This is the mail archive of the
gcc-patches@gcc.gnu.org
mailing list for the GCC project.
[RFA:] fix PR55030, wrong code from __builtin_setjmp_receiver
- From: Hans-Peter Nilsson <hp at bitrange dot com>
- To: gcc-patches at gcc dot gnu dot org
- Date: Sun, 11 Nov 2012 23:49:34 -0500 (EST)

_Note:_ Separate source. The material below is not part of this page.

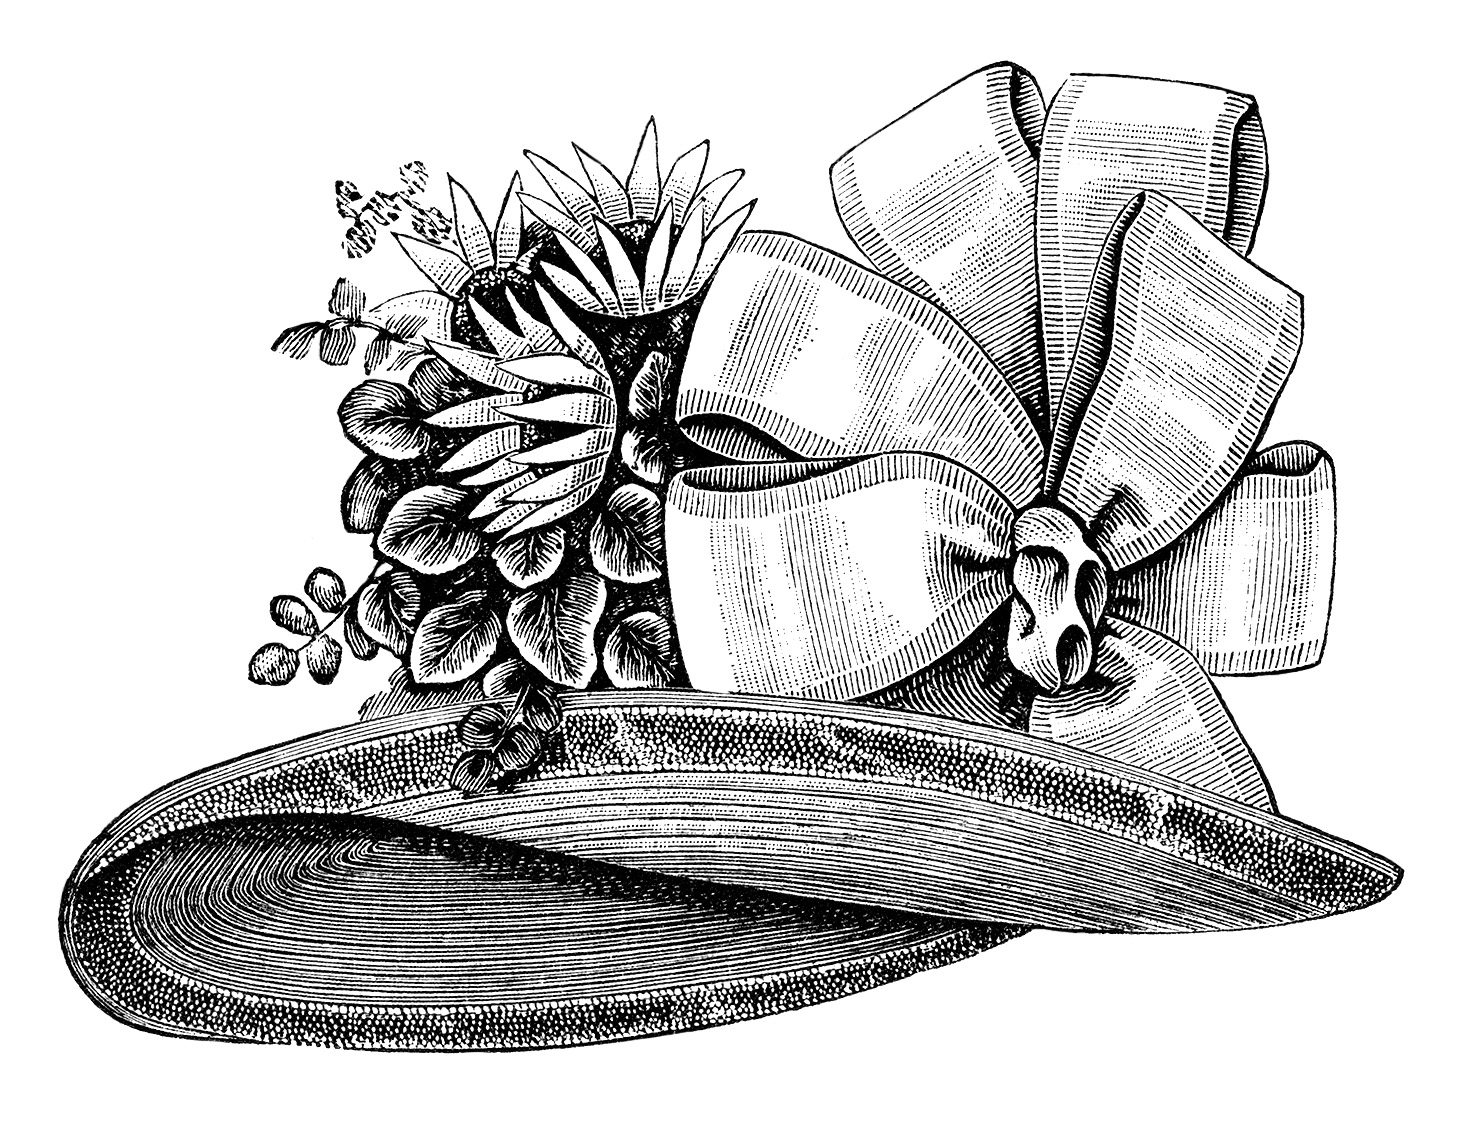 Ladies' Victorian Hat ~ Free Vintage Clip Art | Old Design Shop Blog

- Subject: [RFA:] fix PR55030, wrong code from __builtin_setjmp_receiver
The problem exposed in PR55030 (repeatable on x86_64-linux with -m32 at
r192676) is that the fake-frame-pointer "frame" is replaced with the
actual-frame-pointer "bp" in cse1, around the critical insn in
__builtin_setjmp_receiver that restores their defined offset. The
patch in PR55030/r192676 removed a clobber of the frame-pointer, and
cse1 felt free to replace the former register with the latter, as in
the following expansion of __builtin_setjmp_receiver (in builtins.c:
expand_builtin_setjmp_receiver) from a reduced test-case, see the PR.
(You might find the setup/restore code having an unexpected order;
there are two __builtin_setjmps in series and the setup of the second
one is storing the wrong value for the frame-pointer.)
The pre-transformation dump in cse1 says:
(code_label/s 13 51 14 3 2 "" [2 uses])
(note 14 13 15 3 [bb 3] NOTE_INSN_BASIC_BLOCK)
(insn 15 14 78 3 (use (reg/f:SI 6 bp)) /home/hp/gcctop/tmp/base/gcc/gcc/testsuite/gcc.c-torture/execute/builtins/pr55030-chk.c:31 -1
(nil))
(insn 78 15 17 3 (set (reg/f:SI 20 frame)
(reg/f:SI 6 bp)) /home/hp/gcctop/tmp/base/gcc/gcc/testsuite/gcc.c-torture/execute/builtins/pr55030-chk.c:31 -1
(nil))
(insn 17 78 56 3 (unspec_volatile [
(const_int 0 [0])
] UNSPECV_BLOCKAGE) /home/hp/gcctop/tmp/base/gcc/gcc/testsuite/gcc.c-torture/execute/builtins/pr55030-chk.c:31 643 {blockage}
(nil))
(insn 56 17 57 3 (set (reg/f:SI 74)
(symbol_ref:SI ("chk_fail_buf") [flags 0x40] <var_decl 0x7ffff7512688 chk_fail_buf>)) /home/hp/gcctop/tmp/base/gcc/gcc/testsuite/gcc.c-torture/execute/builtins/pr55030-chk.c:37 65 {*movsi_internal}
(nil))
(insn 57 56 58 3 (set (mem:SI (reg/f:SI 74) [5 S4 A8])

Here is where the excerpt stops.